Let's talk about sexuality politically
Kristyn makes a point about Gay Pride being political and being about sexuality. She is also a strong supporter of QUAIA. Does she realize the difference between being gay in Israel and being gay in Palestine and the other Arab/Muslim countries? I agree Gay Pride should be political, and about sexuality, so in that case why doesn't Kristyn promote a float about gay sexuality in Middle Eastern countries? It is a known fact that in the Middle East the freedom to be gay exists only in Israel where there is also a Gay Pride parade annually. We know only too well what happens to gay people in the other countries on that continent and in other as well. I would think that issue is much more relevant to a Gay Pride parade.
then it is George for Mayor as he is gay?????
And following xtra's logic on Council choices (coverage only of KMT and 3 other LGBT candidates) , then of course George Smitherman is the only person to vote for as Mayor as he is the only openly LGBT person running. right? He would be the first openly gay Mayor for Toronto which should count for something by xtra's recent council coverage standards.
not a single
candidate represents me. Not a single one. Of course being able to run and actually have a hope in hell of winning wasn't an option for me as it isn't for so so many, I'm not one of the chosen, you know white, gay , male, educated, Canadian born and driven by that first world upbringing. Oh well, here we go again...same ole same ole...

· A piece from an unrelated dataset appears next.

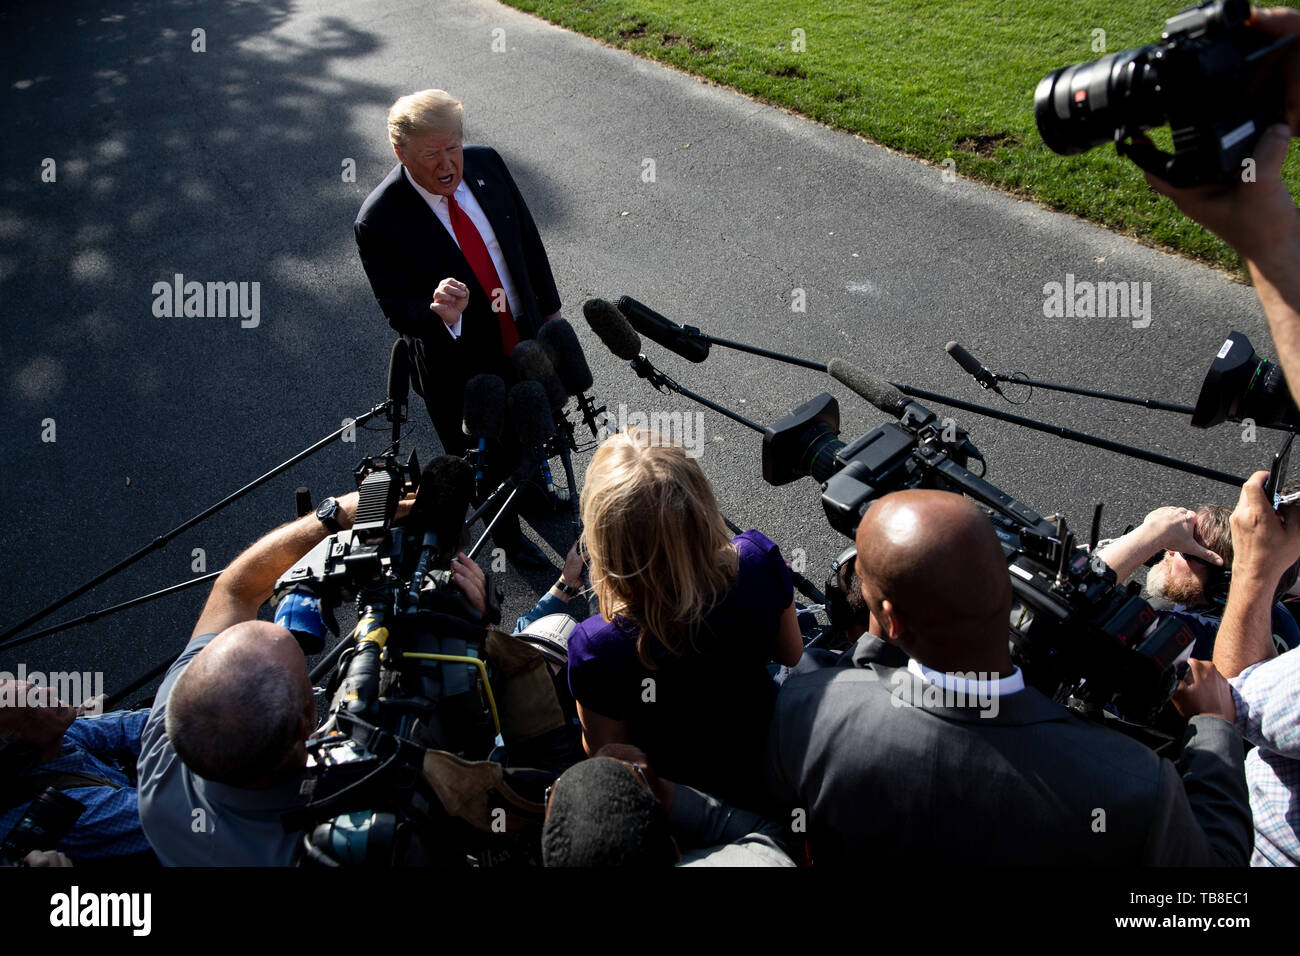 Washington, DC, USA. 30th May, 2019. U.S. President Donald Trump speaks to reporters before leaving the White House in Washington, DC, the United States, on May 30, 2019. Donald Trump slammed Special Counsel Robert Mueller as 'highly conflicted' on Thursday, one day after Mueller's first-ever public statement saying that charging Trump with a crime was 'not an option we could consider' due to Justice Department guidelines. Credit: Ting Shen/Xinhua/Alamy Live News Stock Photo

More balance and honesty in election reporting?
I agree with Gilles that Kristyn Wong Tam brings a lot of assets to the table She is a fine candidate
with considerable business & community experience. She is progressive and has a very good LGBT community activist track record. All
assets for sure, & I have been certainly seriously considering voting for her.

But journalistically I think it unfair to profile one of the candidates in a well researched & written glowing cover story two weeks before the election
without giving the others equal space (and photos). In fact most of the 14/15 candidates are not even mentioned by name at all (from the articulate "Green" Chris Tindal to feisty NDP lawyer Joel Dick) because they are not LGBT-just LGBT
freindly. (And the "LGBT candidate" box for Enza and Susan Gapka reduces them to
almost fringe candidates-- they should have been more seriously considered by
xtra on their platforms & merits even if their chances of winning seem remote to
most. After all the first trans city councillor would be quite the story... ) Chan of course needs no more ink-he is the establishment choice--endorsed by Smitherman and Kyle and backed by Liberal money and their formidable machine.
And with so many people running it looks like Chan has the edge even with xtra's breathless presentation of KMT. But it might have been more honest (and fair) of xtra simply to present the candidates as fully as possible (pluses and minuses) and then endorse KMT for the job if that is who the editorial board favour as seems pretty obvious though not ever stated.